Déjà, je tiens à dire que j'ai beaucoup aimé, j'aime l'intrigue, j'aime comment tu es capable de rudoyer tes personnages, j'aime la consistance que tu leur a donnés, j'aime ton style d'écriture qui se lit avec facilité et d'une traite (noooon j'ai pas dévoré la fic en une aprem, même pas vrai...... :niak: )

Sinon, pour entrer plus dans les détails, et en plus de ce que je t'ai dit à côté, s'il y a un perso que j'aime beaucoup, mais qui m'intrigue aussi beaucoup, c'est Fado. Moins central et visible que beaucoup d'autres, mais... j'accroche à fond !
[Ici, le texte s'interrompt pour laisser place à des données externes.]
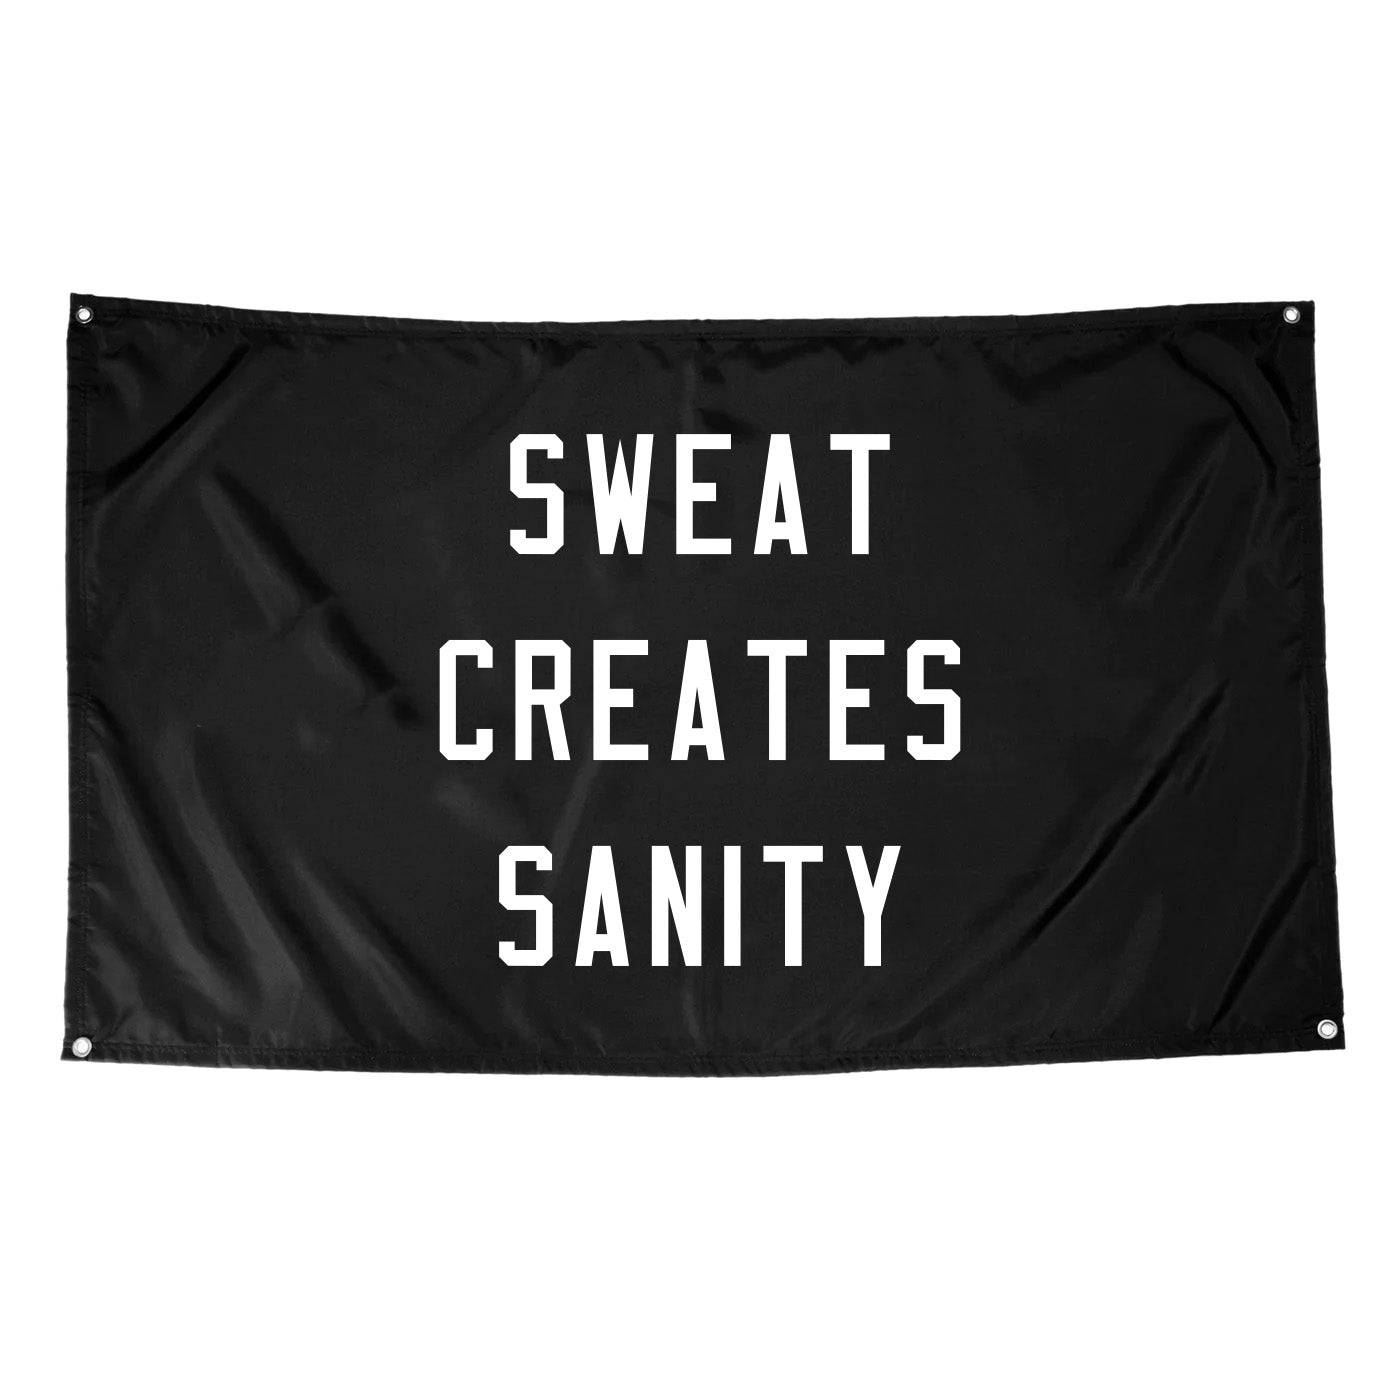 Sweat Creates Sanity Gym Flag (5' x 3')

J'ai aussi souri à la fin du chapitre XVIII. Même si d'un point de vue de l'histoire, des persos, ça colle, le petit côté fantasme des deux belles guerrières qui se battent pour finalement passer un nuit d'amour, ça a quelque chose de... je sais pas trop quel terme donner, je veux pas être péjorative, parce que je ne le vois pas de façon péjorative, mais voilà, quoi, j'avoue que j'ai eu un petit sourire désabusé^^

Mmmhhh c'est ça le souci de tout lire d'un coup... on se rappelle plus de détails à donner en particulier^^

Enfin, bon, pour conclure, j'aime beaucoup ta fin, même si elle laisse beaucoup de choses en suspens ! Pas que ce ne soit pas une bonne chose, bien au contraire, mais..... rhaaaa j'arrête pas de suivre des trucs qui me laissent sur ma faim comme ça ces derniers temps, et je suis en mode attente de suite avec impatience un peu trop souvent pour mes petits nerfs fragiles.  :roll:

En tout cas, vivement le deuxième tome, tu as gagné une lectrice !

Ruffian:
J'aime bien ta fic ! Bonne continuation  ;)

Great Magician Samyël:
Doutchy ==> Encore une fois, je suis content que Triangle t'ait autant plu. ^^  J'espère que le tome deux se montrera à la hauteur des tes espérances. :niak:


Et sur ce, comme vous vous en doutez, voici le début du deuxième volet de la trilogie du Triangle...

________________________
[align=center]
The Legend of Zelda :


Triangle de Haine[/align]




[align=center]Prologue
-Keeta-[/align]



   Le capitaine Keeta se tenait stoïquement au bas des quelques marches de marbre qui s’élevaient vers le trône, vaste siège d’os, de roche noire et d’acier ensanglanté. Son regard ne cillait jamais. Il avait appris à voir sans voir. De même, il lui avait fallu apprendre -et vite- à occulter de son esprit les choses désagréables de l’existence ; faire une sorte de tri entre les souvenirs qu’il fallait garder et les souvenirs qu’il fallait oublier. Ce rude apprentissage avait porté ses fruits : jamais un capitaine n’était resté aussi longtemps à son poste : une décennie. Une longue, longue décennie.
   Dehors, le soleil venait mourir sur la roche dure et rougeâtre des hauts murs d’enceinte encastrés dans le flanc des montagnes. La chaleur était infernale, surtout lorsqu’on portait une lourde armure de cérémonie. Et pourtant, l’on était au seuil de l’hiver. Les ombres s’allongeant éclaboussaient le sol richement dallé de poches d’encre sanglante, qui découpaient curieusement les silhouettes des dignitaires et des généraux présents, face aux immenses fenêtres sans vitres qui s’ouvraient de chaque côté de la gallérie.
   Rien ne bougeait, et tout était silencieux. Tout hormis les grognements sourds du tortionnaire et les pitoyables gémissements de sa victime, pendant qu’il la pénétrait sauvagement par derrière, à même le sol, tirant sur ses cheveux comme on tire sur la crinière d’un cheval, exposant la nudité de la femme sans retenu, la sueur cuisante maculant sa peau, irritant les entailles à vif laissées par le fouet et les lames de couteau. Quand Keeta l’avait appréhendée, elle était jolie. Non, elle était vraiment belle. Une hylienne blonde aux formes avenantes, grande, bien dessinée, avec de beaux yeux gris pleins d’intelligence… et un tatouage fort peu approprié dans le creux des reins. Maintenant, elle inspirait la pitié, avec son visage tuméfié, ses plaies, son épaule déboîtée, son moignon au bras gauche grossièrement recousu, et la crasse qui la recouvrait comme une gangue.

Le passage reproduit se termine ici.